**Exercise brief**
Leave out the pictures and repeat the entries below verbatim.
= Beginning of Section =
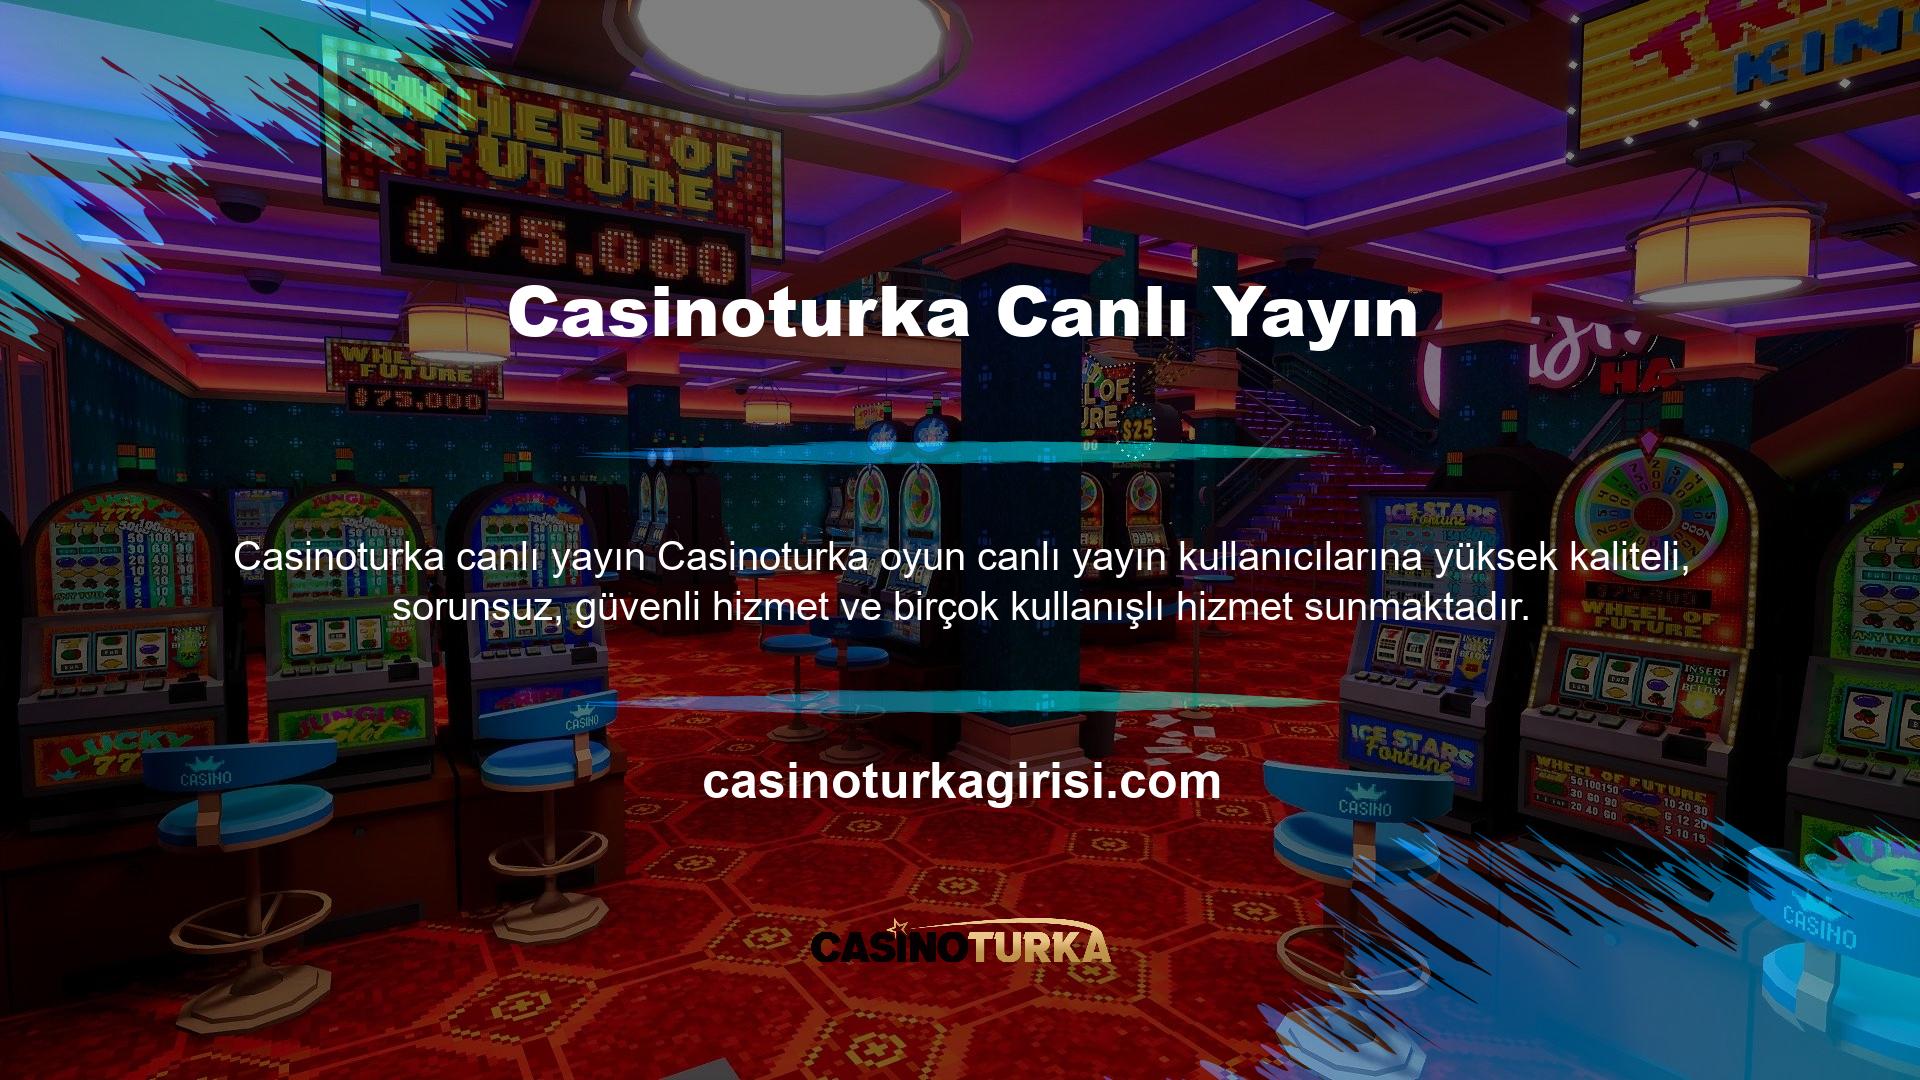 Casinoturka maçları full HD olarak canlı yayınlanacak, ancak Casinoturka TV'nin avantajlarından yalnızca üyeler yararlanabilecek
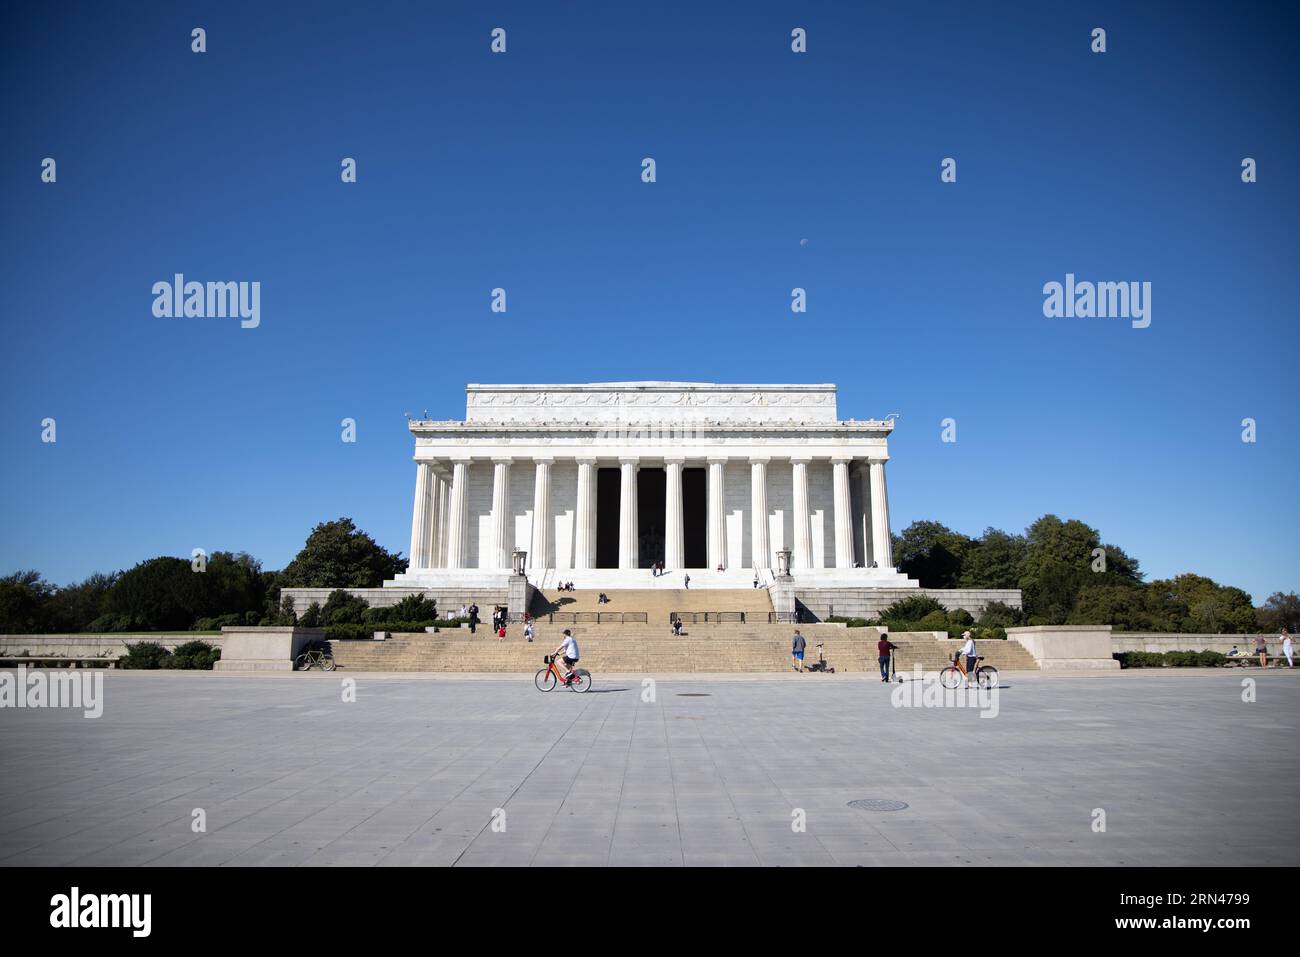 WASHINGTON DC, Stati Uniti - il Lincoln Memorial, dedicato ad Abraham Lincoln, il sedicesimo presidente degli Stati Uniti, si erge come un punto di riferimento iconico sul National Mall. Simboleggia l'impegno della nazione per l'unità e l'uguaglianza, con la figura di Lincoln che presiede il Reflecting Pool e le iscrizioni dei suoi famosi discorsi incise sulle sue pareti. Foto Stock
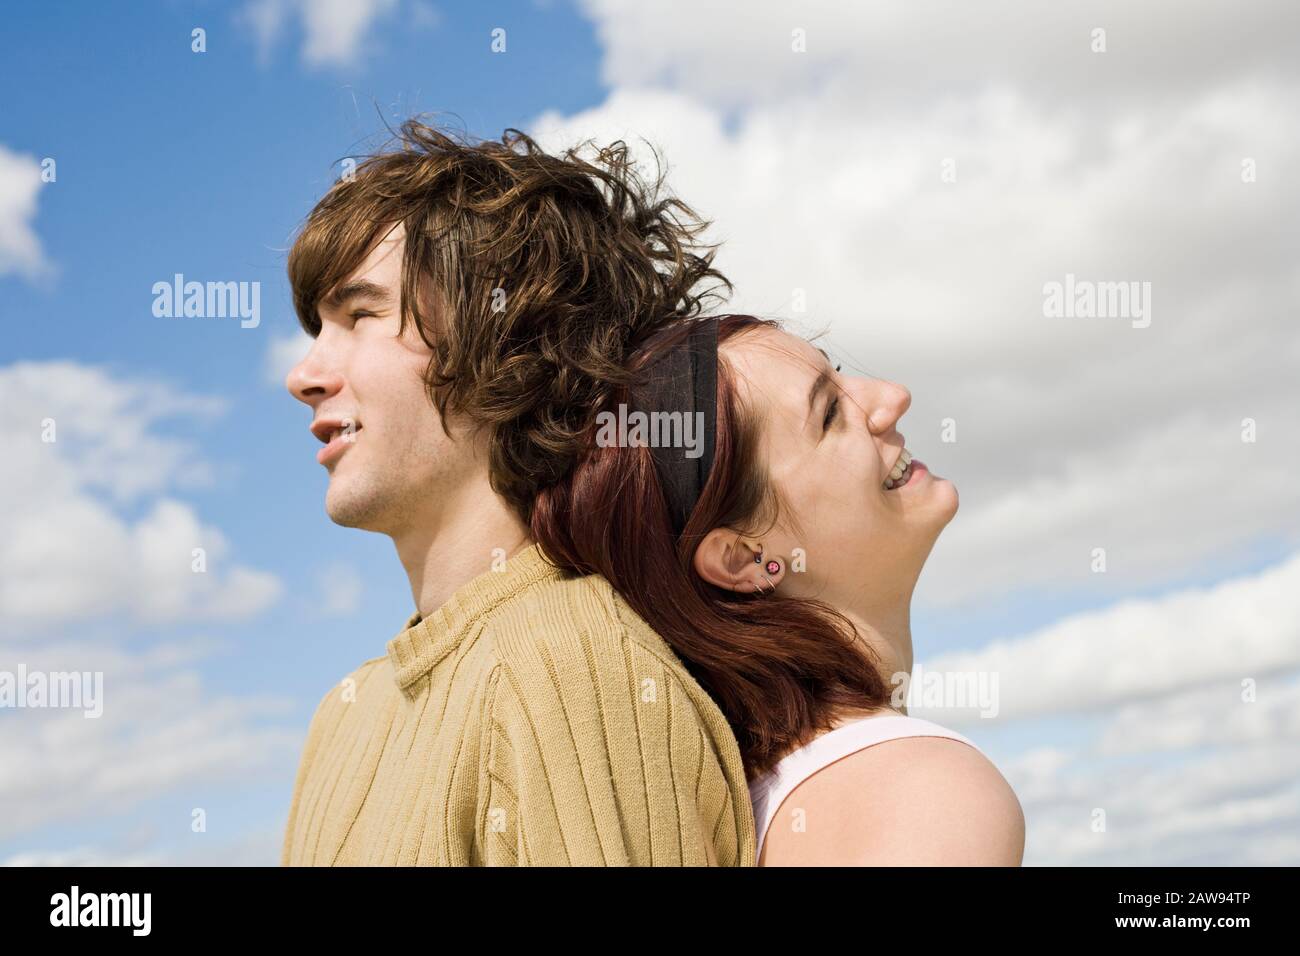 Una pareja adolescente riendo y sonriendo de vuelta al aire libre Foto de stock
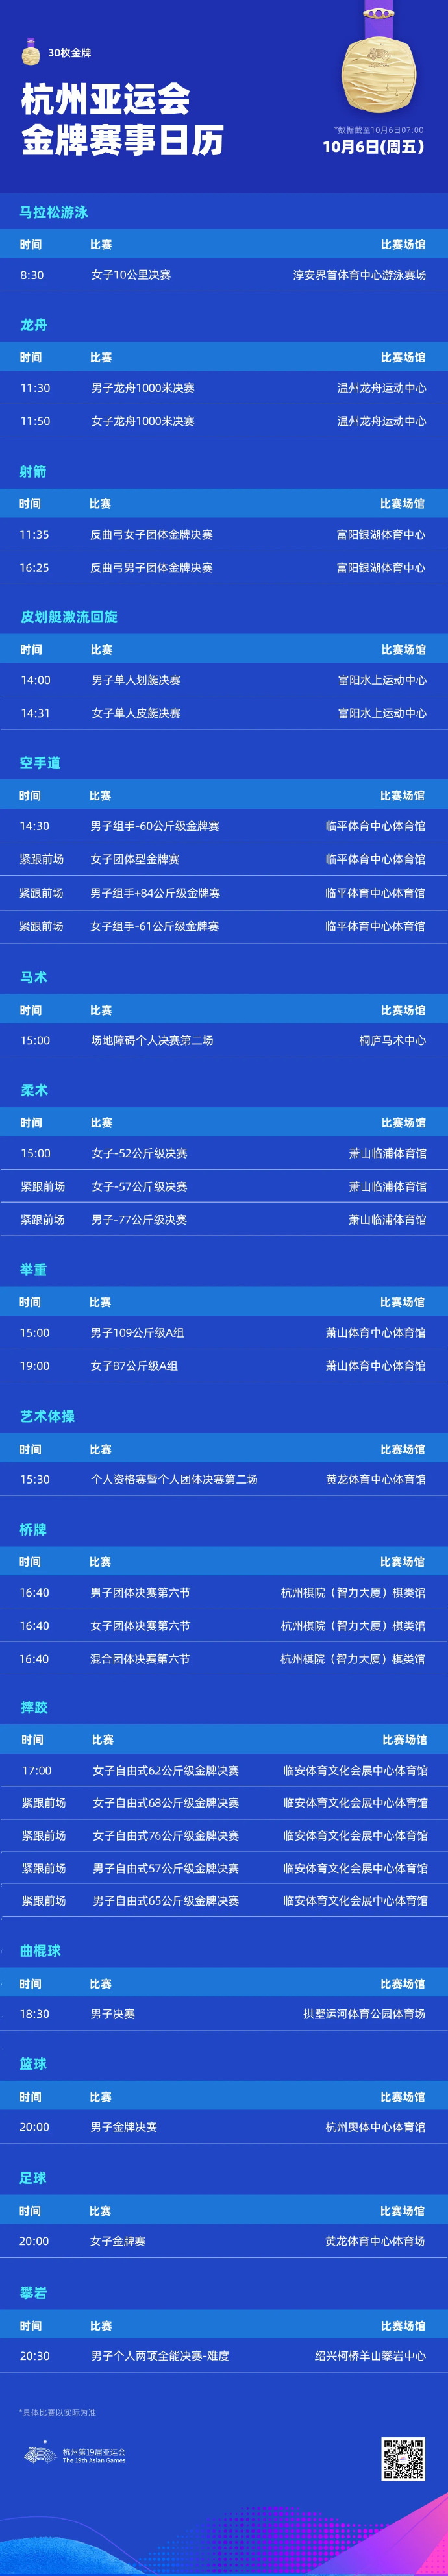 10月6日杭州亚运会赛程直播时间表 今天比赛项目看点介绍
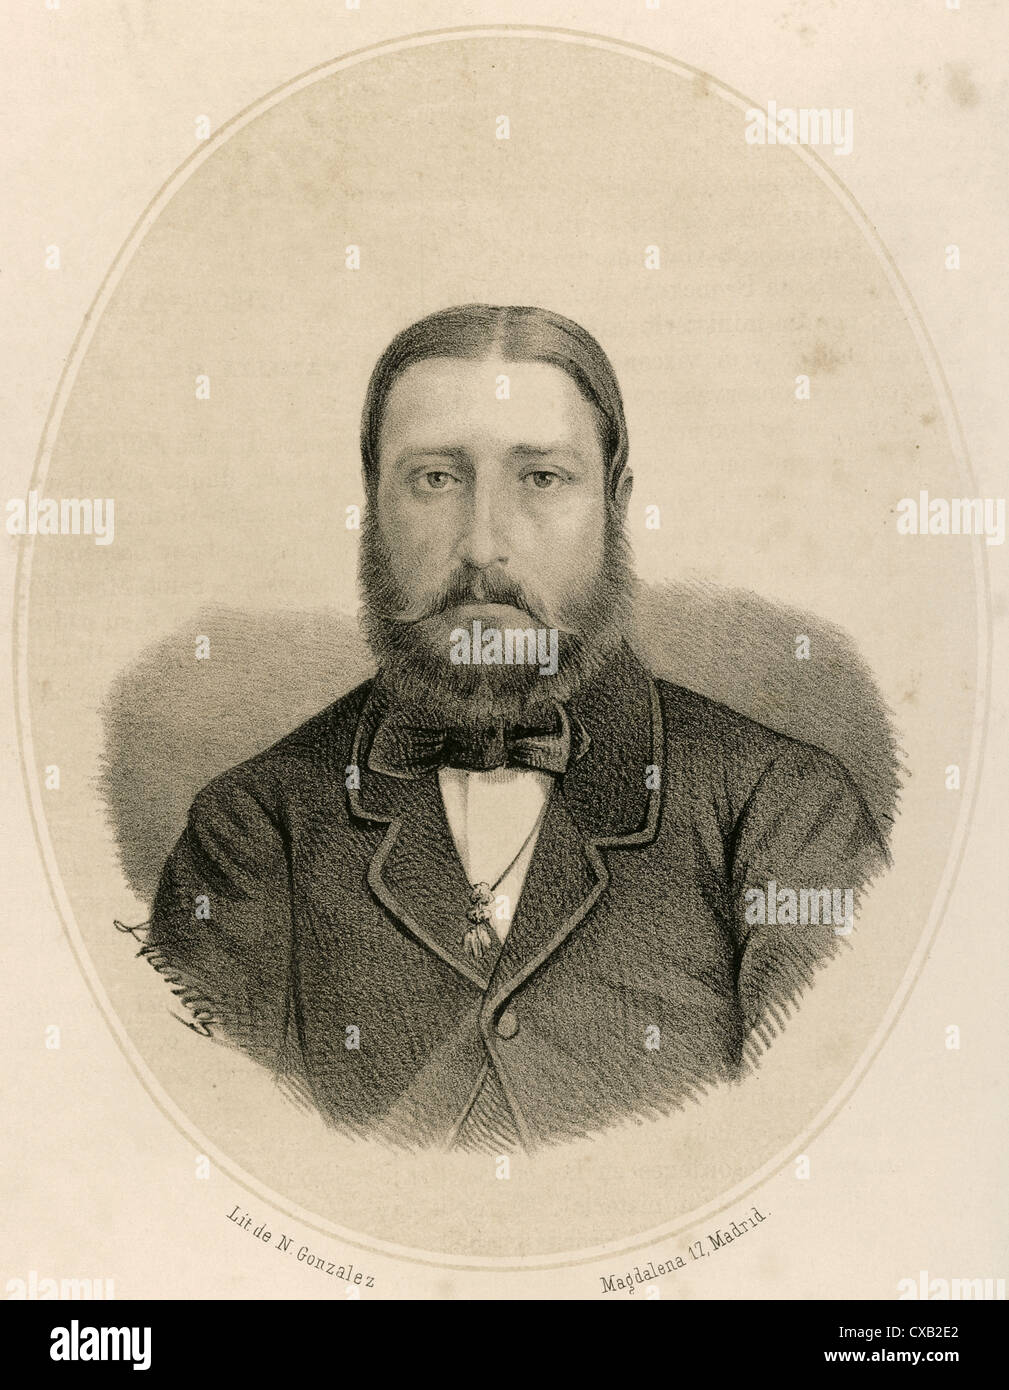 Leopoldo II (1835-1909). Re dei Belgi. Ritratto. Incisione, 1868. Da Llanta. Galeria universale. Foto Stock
= End of Section =
**Solution to the problem**
 Casinoturka maçları full HD olarak canlı yayınlanacak, ancak Casinoturka TV'nin avantajlarından yalnızca üyeler yararlanabilecek
 WASHINGTON DC, Stati Uniti - il Lincoln Memorial, dedicato ad Abraham Lincoln, il sedicesimo presidente degli Stati Uniti, si erge come un punto di riferimento iconico sul National Mall. Simboleggia l'impegno della nazione per l'unità e l'uguaglianza, con la figura di Lincoln che presiede il Reflecting Pool e le iscrizioni dei suoi famosi discorsi incise sulle sue pareti. Foto Stock
 Una pareja adolescente riendo y sonriendo de vuelta al aire libre Foto de stock
 10月6日杭州亚运会赛程直播时间表 今天比赛项目看点介绍
 Leopoldo II (1835-1909). Re dei Belgi. Ritratto. Incisione, 1868. Da Llanta. Galeria universale. Foto Stock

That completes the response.